Which is why it’s interesting to contemplate another image associated with the story, an Associated Press photograph of the suit on a mannequin, as it officially entered the Smithsonian collection. The Norma Kamali maillot now appears more burnt orange than red, and it looks shockingly plain, like something you’d see on a competitive swimmer instead of on a pinup model in the bestselling poster of all time (in fact, the brand of the suit has sometimes been misreported as Speedo).
And while Fawcett could probably have worn a grocery bag and still dominated the wall art of teenage boys’ rooms everywhere, it’s hard to imagine that a bestselling swimsuit poster these days would be such a no-frills affair.

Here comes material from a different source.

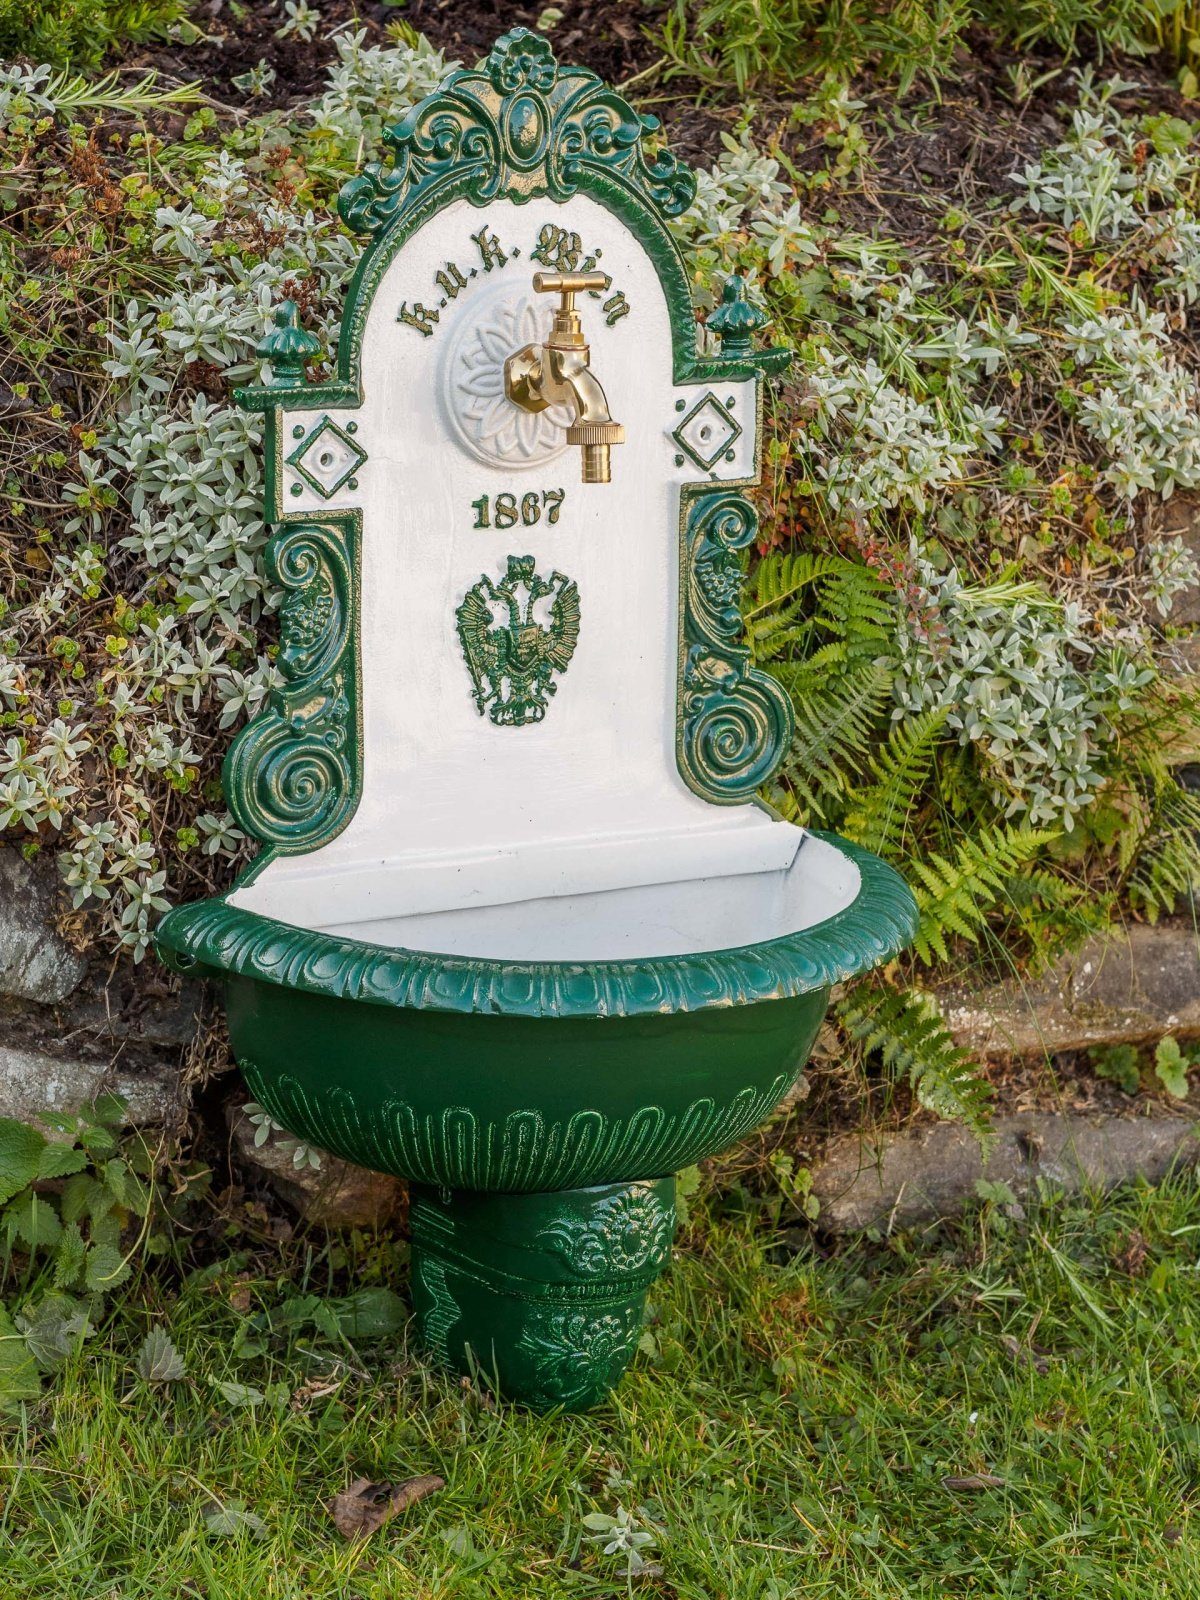 Aubaho Gartenbrunnen Waschbecken Stil Brunnen fountain im Alu Wandbrunnen 72cm Garten antik
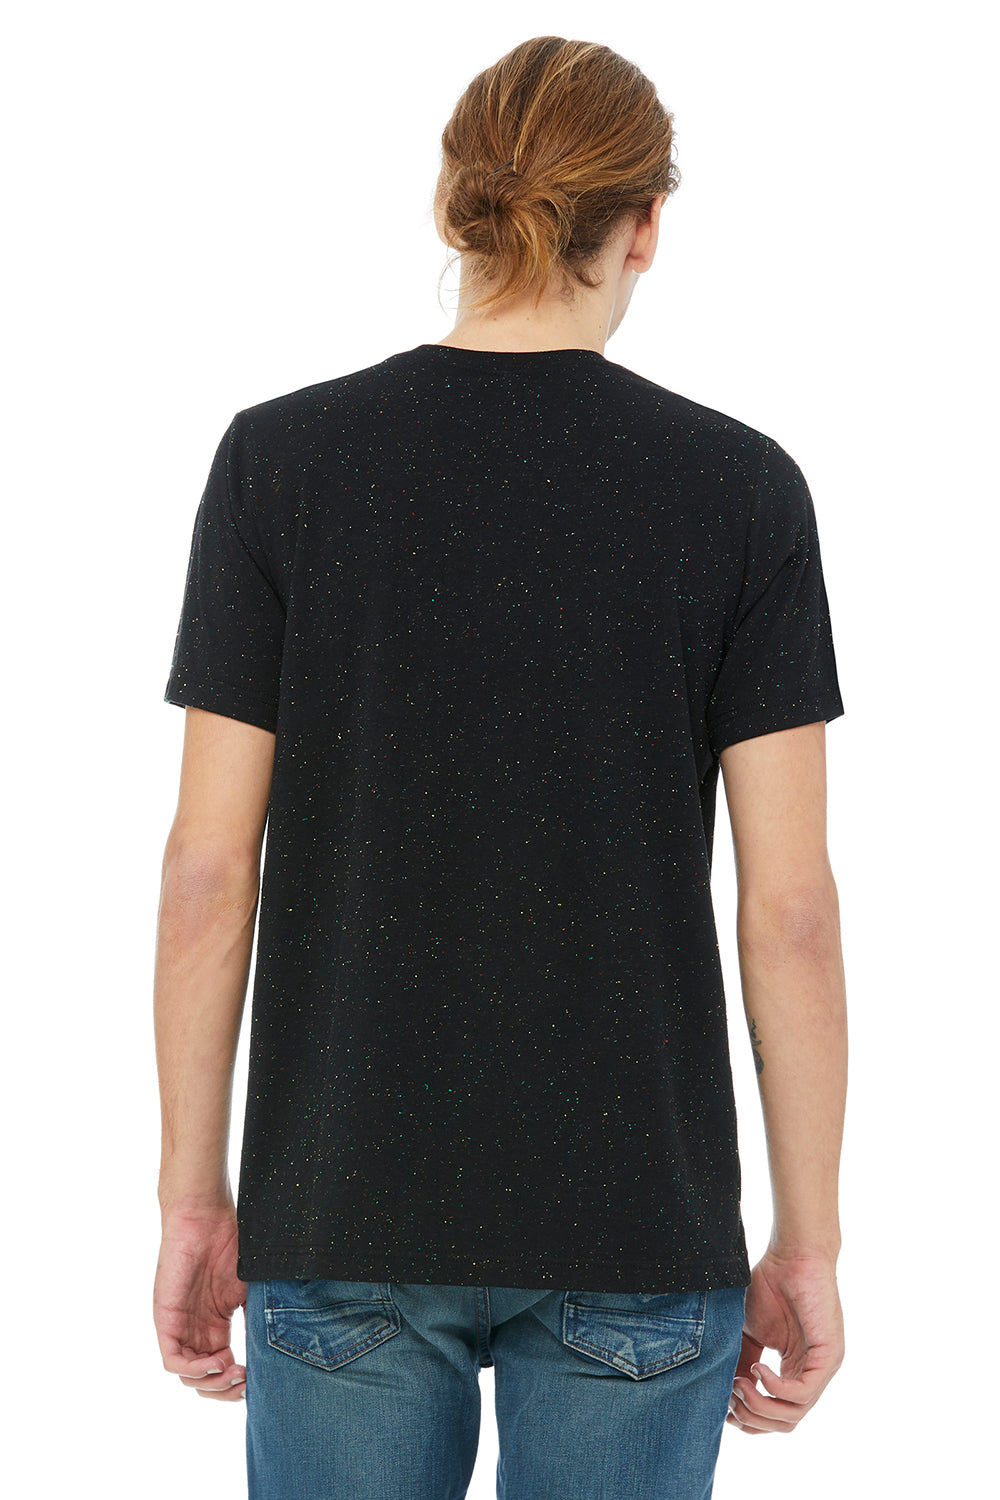 Bella + Canvas 3650 Mens Short Sleeve Crewneck T-Shirt Black Speckled Back

Not that there’s anything new about that. Sexiness just keeps getting sexier, or at least more revealing. Clara Bow, the first It Girl, in the 1920s, looks like a veritable librarian compared with her 1930s successor Mae West, who in turn seems positively matronly compared to the 1940s’ Betty Grable, who might as well be invisible next to come-hither Marilyn Monroe and Brigitte Bardot.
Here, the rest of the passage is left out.